- What to do
Beginning at the line that contains "CONGO BELGE - Elisabethville", return every remaining line of the data below exactly; return nothing before it.

- Opening Delimiter -

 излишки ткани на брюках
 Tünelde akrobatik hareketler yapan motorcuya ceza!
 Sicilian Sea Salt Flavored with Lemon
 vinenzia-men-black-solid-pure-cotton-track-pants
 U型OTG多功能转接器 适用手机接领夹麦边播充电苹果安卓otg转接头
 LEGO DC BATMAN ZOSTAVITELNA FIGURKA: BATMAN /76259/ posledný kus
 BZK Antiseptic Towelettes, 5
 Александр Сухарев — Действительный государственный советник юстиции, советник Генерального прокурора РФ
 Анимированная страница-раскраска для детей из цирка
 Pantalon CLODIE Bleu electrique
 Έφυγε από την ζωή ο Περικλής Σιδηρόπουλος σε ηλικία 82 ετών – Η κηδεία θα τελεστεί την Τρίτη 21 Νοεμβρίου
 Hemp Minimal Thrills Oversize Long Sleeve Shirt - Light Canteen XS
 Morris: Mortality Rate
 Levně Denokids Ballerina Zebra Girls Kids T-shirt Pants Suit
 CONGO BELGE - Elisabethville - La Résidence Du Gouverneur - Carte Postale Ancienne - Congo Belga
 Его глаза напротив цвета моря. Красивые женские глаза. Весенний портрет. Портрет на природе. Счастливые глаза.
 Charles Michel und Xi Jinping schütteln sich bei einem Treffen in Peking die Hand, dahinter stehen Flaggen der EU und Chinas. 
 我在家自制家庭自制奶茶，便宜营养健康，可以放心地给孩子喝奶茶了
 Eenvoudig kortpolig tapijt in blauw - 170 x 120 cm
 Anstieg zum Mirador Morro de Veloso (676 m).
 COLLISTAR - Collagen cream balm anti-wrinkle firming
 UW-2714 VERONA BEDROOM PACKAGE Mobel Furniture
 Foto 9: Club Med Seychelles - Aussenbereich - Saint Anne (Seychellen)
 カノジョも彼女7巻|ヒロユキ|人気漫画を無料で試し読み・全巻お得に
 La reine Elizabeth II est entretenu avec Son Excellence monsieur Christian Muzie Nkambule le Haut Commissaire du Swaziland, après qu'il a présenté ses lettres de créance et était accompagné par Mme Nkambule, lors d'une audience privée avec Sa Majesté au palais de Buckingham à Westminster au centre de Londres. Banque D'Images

- Closing Delimiter -

- Problem solution
 CONGO BELGE - Elisabethville - La Résidence Du Gouverneur - Carte Postale Ancienne - Congo Belga
 Его глаза напротив цвета моря. Красивые женские глаза. Весенний портрет. Портрет на природе. Счастливые глаза.
 Charles Michel und Xi Jinping schütteln sich bei einem Treffen in Peking die Hand, dahinter stehen Flaggen der EU und Chinas. 
 我在家自制家庭自制奶茶，便宜营养健康，可以放心地给孩子喝奶茶了
 Eenvoudig kortpolig tapijt in blauw - 170 x 120 cm
 Anstieg zum Mirador Morro de Veloso (676 m).
 COLLISTAR - Collagen cream balm anti-wrinkle firming
 UW-2714 VERONA BEDROOM PACKAGE Mobel Furniture
 Foto 9: Club Med Seychelles - Aussenbereich - Saint Anne (Seychellen)
 カノジョも彼女7巻|ヒロユキ|人気漫画を無料で試し読み・全巻お得に
 La reine Elizabeth II est entretenu avec Son Excellence monsieur Christian Muzie Nkambule le Haut Commissaire du Swaziland, après qu'il a présenté ses lettres de créance et était accompagné par Mme Nkambule, lors d'une audience privée avec Sa Majesté au palais de Buckingham à Westminster au centre de Londres. Banque D'Images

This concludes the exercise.